Lors de l’après-manifestation violente de mardi soir, trente-cinq personnes ont été interpellées notamment pour des violences envers les forces de l’ordre. Ce jeudi plusieurs d’entre elles ont été jugées devant le tribunal correctionnel de Toulouse. Ni black bloc, ni professionnels du désordre.
« Je suis sorti du bar. Il y avait beaucoup de lacrymogène dans la rue Bayard, des gens qui couraient. J’ai vu une pierre. Je l’ai ramassé et lancé vers un groupe de policiers… » Romain, bientôt 37 ans, ne roule pas les épaules devant le tribunal. 48 heures de garde à vue et une présentation devant la justice ont fatigué cet employé sans histoire. « Un profil lisse », résume la présidente Carole Maudui qui reprendra plusieurs fois l’expression pour caractériser le passé des prévenus arrêtés mardi soir au cœur de Toulouse pour leur participation à l’après manif.
« On ne vous reproche pas de manifester contre la retraite, on vous reproche les débordements inacceptables contre les forces de l’ordre, les actes de violences, les dégradations », prévient la procureure. La présidente ajoute : « Ce jour-là, il y a une manifestation avec beaucoup de monde sans incidents puis après 16 heures, et surtout après 18 heures des groupes dont les membres cherchent l’affrontement et sèment le désordre. »
« Je regrette ce jet de projectile »
Romain appartient-il à ces agitateurs ? L’employé se dit « contre la violence ». « Je suis rentré dans le bar justement parce que cela devenait n’importe quoi. En sortant, ce geste de colère, je regrette ce jet de projectile. »
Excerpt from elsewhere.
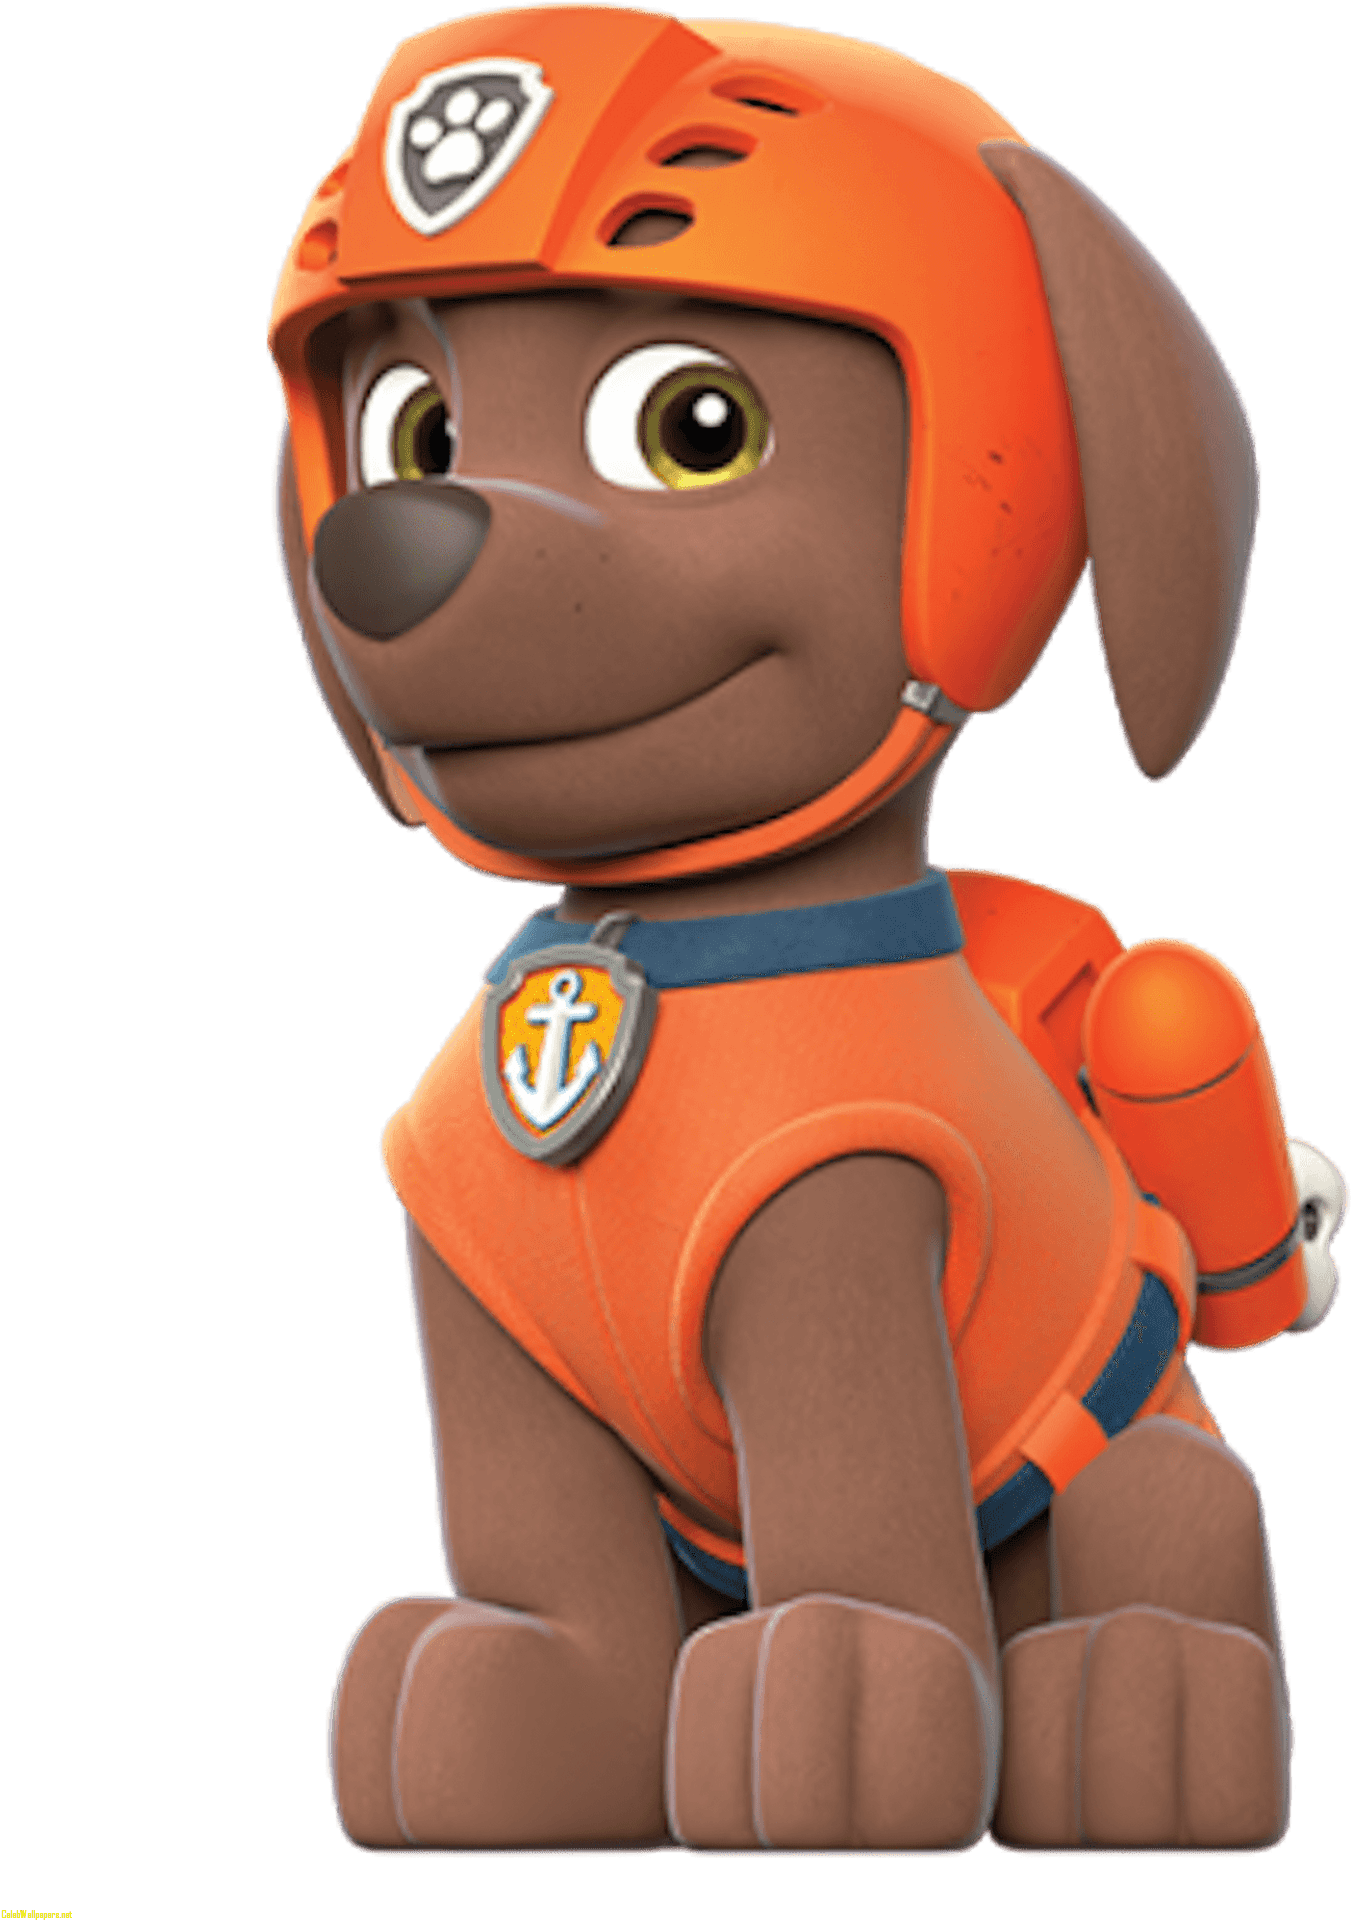 Paw Patrol Zuma Clipart.png PNG image

La procureure apprécie la franchise mais réclame « une peine exemplaire ». Elle requiert six mois de prison ferme. En défense, Me Thomas Monnie s’étouffe : « Pas de passé judiciaire, un travail, une famille, un homme inséré… Sa place n’est pas en prison ! Elle n’est même pas devant ce tribunal dans le cadre d’une comparution immédiate. »
Une procédure réservée au flagrant délit et aux récidivistes qui donne des boutons à Me Cécile Brandely. Elle défend Jonas, 28 ans, lui aussi lanceur de galet en direction des forces de l’ordre rue Labeda, à deux pas de la place Wilson. « Je voulais rentrer chez moi. Ça courait beaucoup. J’ai ramassé cette pierre dans une jardinière… »
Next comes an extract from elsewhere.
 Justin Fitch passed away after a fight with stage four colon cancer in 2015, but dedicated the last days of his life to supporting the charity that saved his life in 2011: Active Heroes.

Un policier dit avoir dû se protéger derrière son bouclier pour éviter le projectile. « Quand ils m’ont arrêté, de manière tout à fait correcte, l’un d’eux m’a dit que j’avais foiré mon coup. Je crois que la pierre ne les a pas atteints… »
« Pas rendre une justice politique »
Six mois ferme, requiert le parquet. « Ce n’est pas ça la justice. Vous n’êtes pas là pour des peines exemplaires et rendre une justice politique. Vous jugez un dossier, un homme sans passé, sans activisme », argumente Me Brandely.
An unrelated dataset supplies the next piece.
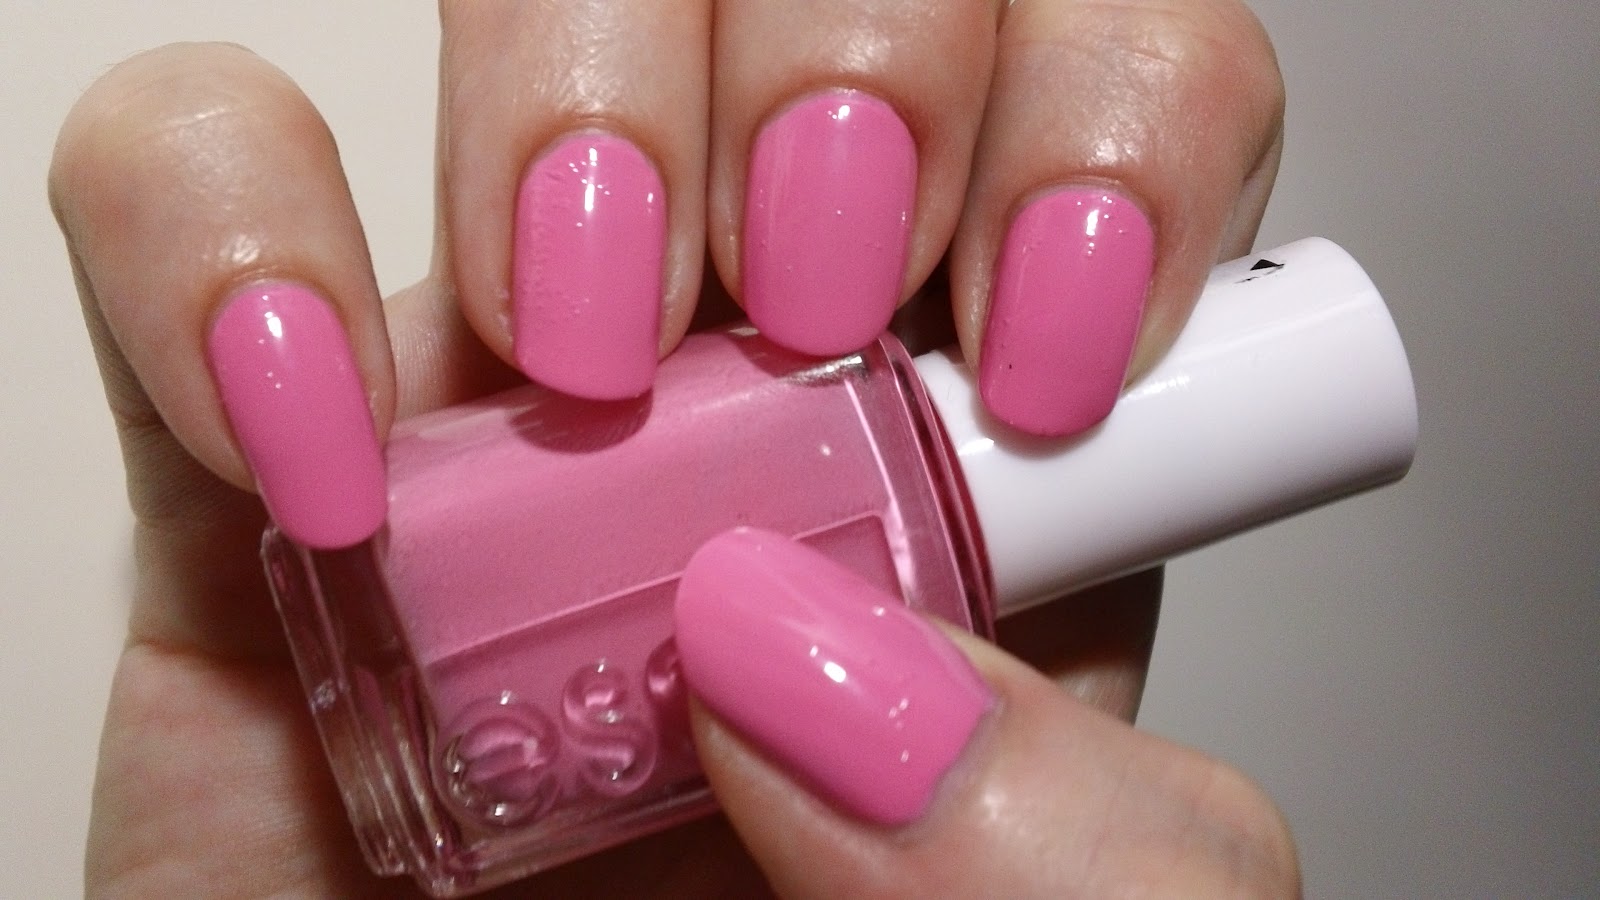 8. "Best Nail Polish for Light Pink Skin" - wide 7

Et elle reste sur le même ton pour défendre Maxime, 23 ans, un ambulancier que les policiers disent avoir identifié sur deux jets de projectiles dans le secteur de Belfort. « Ce n’est pas moi », affirme ce garçon au visage d’enfant. La défense ferraille contre un dossier « vide » où le prévenu aurait d’abord été avec une veste marron, puis une noire. « La veste marron, je l’ai enlevée dès mon arrivée dans la manif, à Saint-Cyprien », affirme Maxime.
Le tribunal l’a pourtant reconnu coupable « en s’appuyant sur les témoignages des policiers qui vous ont identifié formellement ». Six mois avec sursis plus un stage de citoyenneté. Même chose pour Jonas, mais avec une amende de 400 €. Romain repart avec huit mois de prison avec sursis et 1000 € d’amende. « Les faits se ressemblent, mais vous êtes plus âgé. Vous devriez avoir plus de recul. » La présidente prévient : « Ne revenez pas devant le tribunal avec une affaire similaire. Là, il n’y aura pas la même compréhension. »
Les trois garçons sont repartis libres et rassurés après 19 heures. Quatre autres prévenus, arrêtés aussi mardi, attendaient encore leur tour.